Alison Pryde
- Director
We are currently dealing with a number of Farming Partnership disputes and some of our colleagues are similarly engaged. Many of the matters that are arising could have been avoided or more easily resolved if there had been a written partnership agreement in place. Other issues could have been resolved if that agreement had been updated as partners retired or passed away.
I am thinking of one where there were five partners drafted so that when the father had was alive, he had the casting vote. This agreement was not updated when he died, issues then arose between the four remaining partners with two siding against the other two, and the Partnership Agreement left them unable to take any partnership decisions.
If you run your farming operation with others, it is essential to have a properly drawn up partnership agreement to regulate how the partnership operates and to update it as situations change. This is, in my experience essential in all cases and especially where your partners are family members.
If there is no written partnership agreement the partnership will be regulated by The Partnership Act 1890 (‘the 1890 Act’). The provisions of the 1890 Act may well not be suitable for your farming operation. For example the 1890 Act contains provisions which give all partners an equal vote and an equal share of the profits. That may well not be appropriate. It also states that the partnership will dissolve if one of the partners dies. That may be very undesirable, since unintended tax and legal consequences may ensue.
A written partnership agreement can cover many matters, as appropriate in the situation, such as the name of the partnership, its commencement date and place of business, capital contributions, capital assets, withdrawal of capital, voting rights as well as what happens if someone dies, resigns, or is assumed to the partnership. To avoid cessation of the partnership on the death of a partner the agreement should contain a clause to say the trade will continue. Consideration should also be given to how to deal with surviving partners and the paying out of the beneficiaries of a deceased partner. The agreement can also regulate the routine management of the partnership.
When drafting a partnership agreement it is important to consider whether the farmland is a partnership asset. Often farms will have been bought in parts over years, with some land being taken in the name of the partnership and some in the name of individuals. When drawing up a partnership agreement it is important to understand the legal ownership of the farm so that this is correctly defined and handled in the agreement.
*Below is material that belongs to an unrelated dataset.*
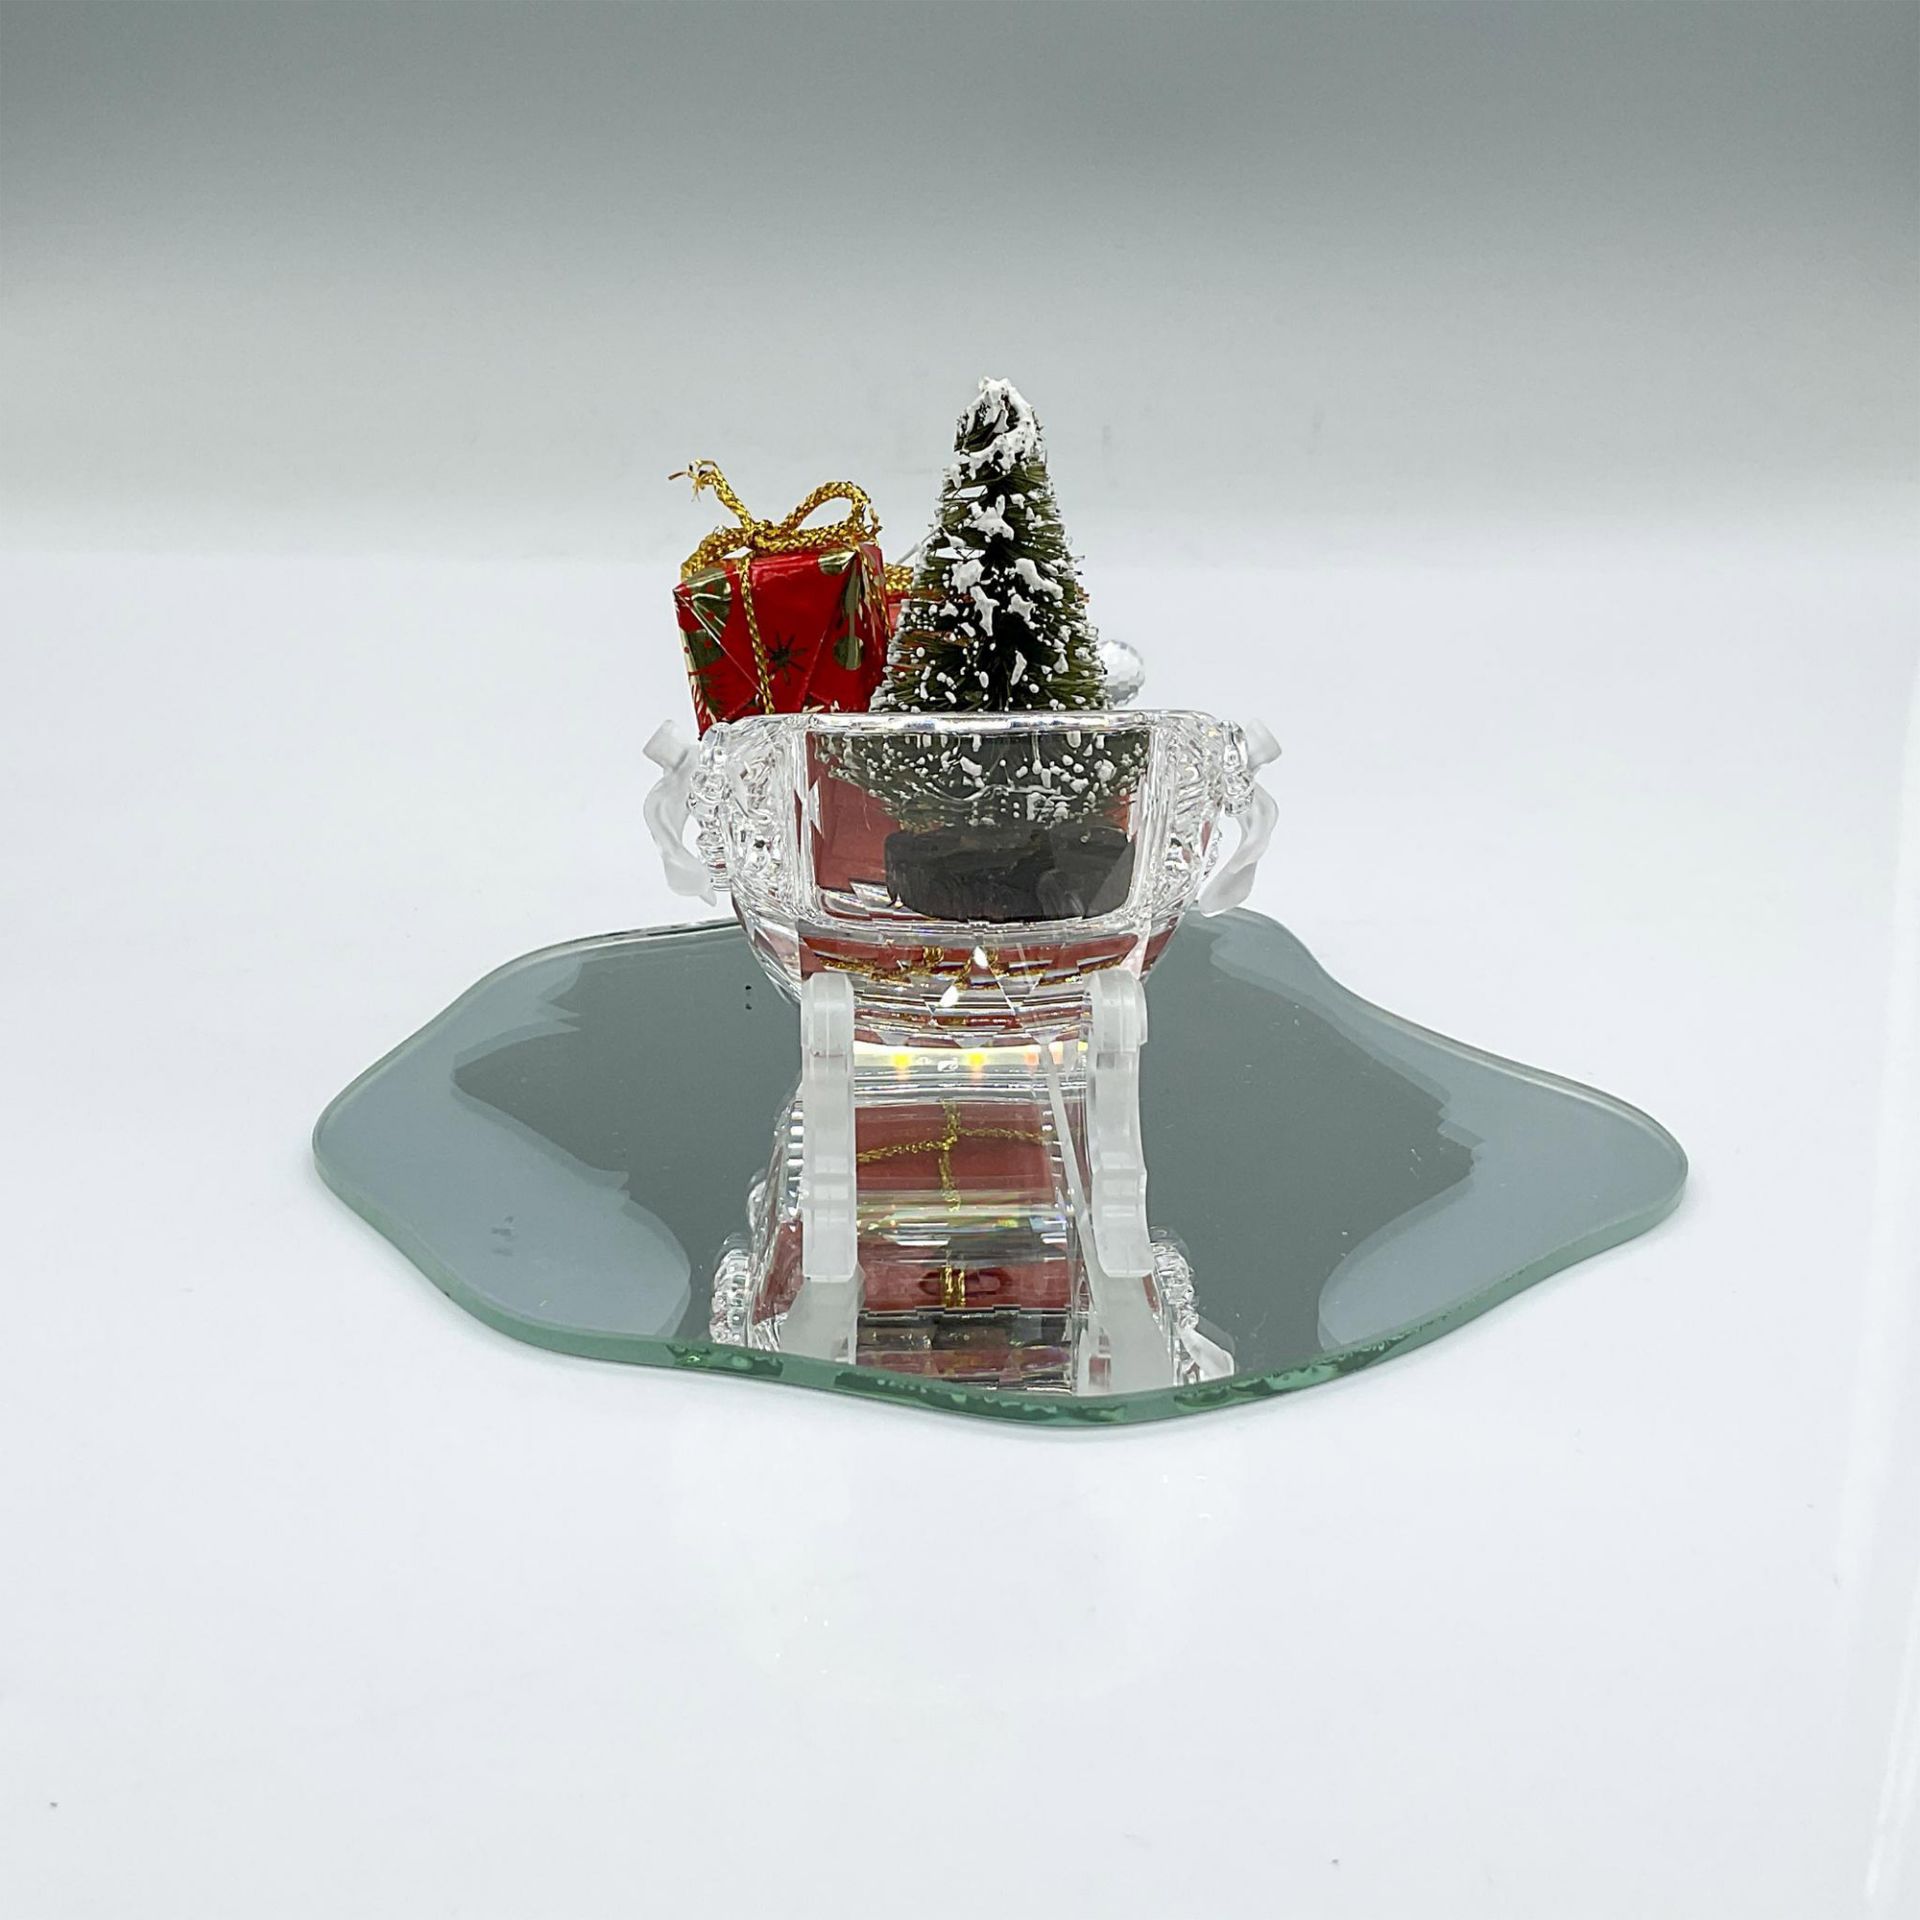 Swarovski Crystal Figurine, Santa's Christmas Sleigh - Image 3 of 6

From an inheritance tax perspective, only partnership property qualifies for 100% business property relief. Farmland held outside the partnership only gets relief at 50%. There is no such distinction as regards agricultural property relief, but maximising business property relief may be of particular benefit where land has development value or there are non-agricultural assets.
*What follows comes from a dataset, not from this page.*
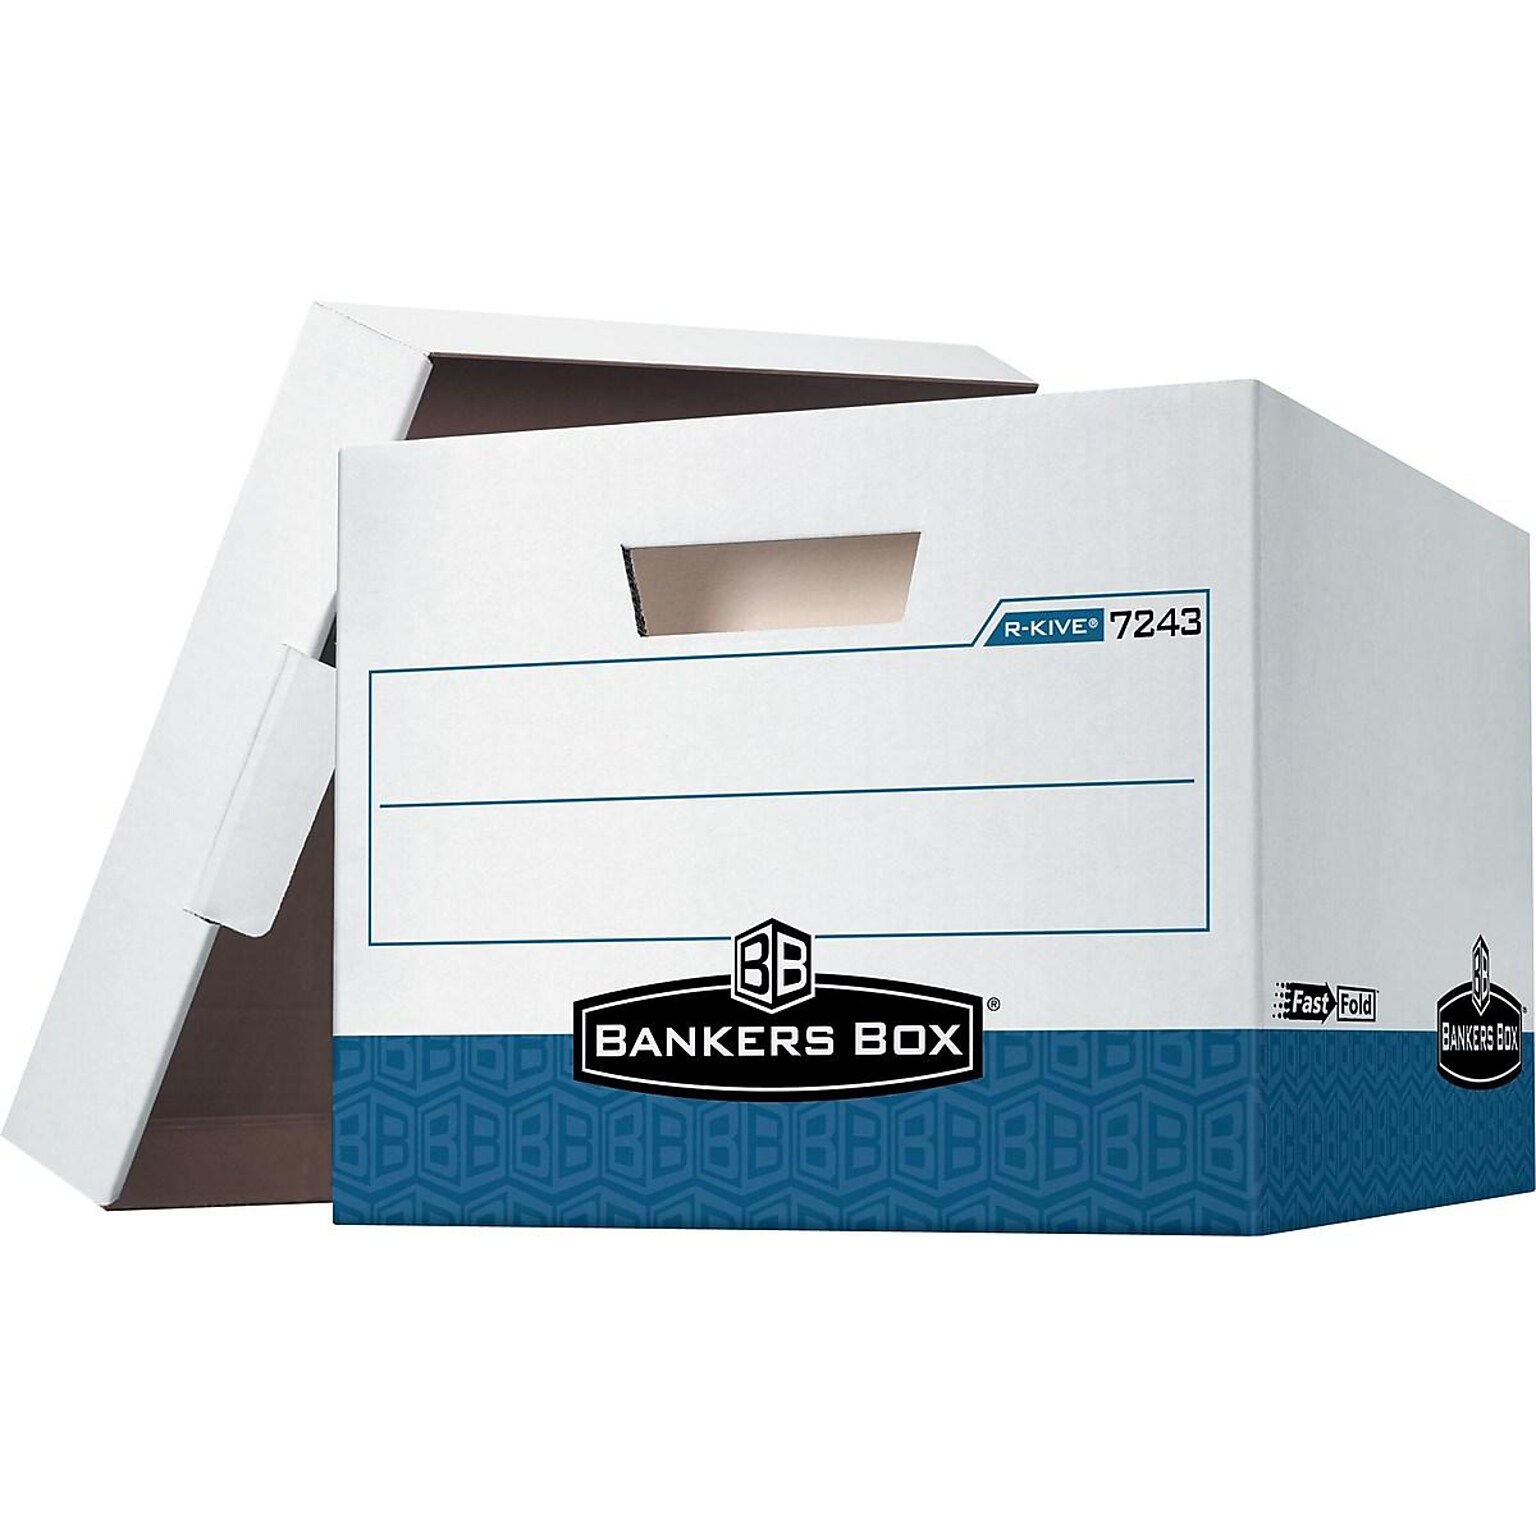 Bankers Box R-Kive® Heavy-Duty FastFold File Storage Boxes, Lift-Off Lid, Letter/Legal Size, White/Blue, 4/Carton (0724303)

Where land is not partnership property, a transfer to the partnership may be achieved by a formal conveyance of the land to the partnership or entering into a declaration to the effect that the land is held for the benefit of the partnership. This might require an entry to be made and kept updated in the Register of Persons Holding a Controlled Interest in Land. This Register is something that must not be overlooked. Both ways of dealing with transferring land to the partnership have tax implications but this is where a carefully thought out and defined agreement with appropriate land capital accounts, can be used to mitigate the potential tax.
It is vital ensure to ensure that the partnership agreement is compatible with the partners’ individual Wills and if the farm is held on a partnership title or on trust for the partnership you may need to consider the question of legal rights in the partners’ estates. Considering the legal rights question is vital in all partnership arrangements and no solicitor should draft a Will for a partner without seeing the partnership agreement and understanding how partnership property is dealt with.
Legal rights may be claimed on the death of a Scottish domiciled individual by the surviving spouse and children. A claim to legal rights can only be made on the deceased’s moveable estate which would normally exclude land. However, if land is partnership property the deceased’s interest in the land may be subject to a legal rights claim. Any partnership agreement should be drafted to deal with the issue of legal rights to provide the partners with certainty about who can and will inherit their farm.
If you don’t have a partnership agreement in place, we consider that this is risky and that you should give serious consideration to having an agreement drawn up. This could save you time, money and strife in the future.
Equally if you haven’t reviewed your partnership agreement for a while, look it out and make sure it is still fit for purpose. Ideally partnership agreements, like Wills, should be reviewed every 3-5 years to check whether there have been any changes to legal or tax rules that need to be thought about. Additionally, the agreement should be reviewed every time a partner leaves or a new partner joins.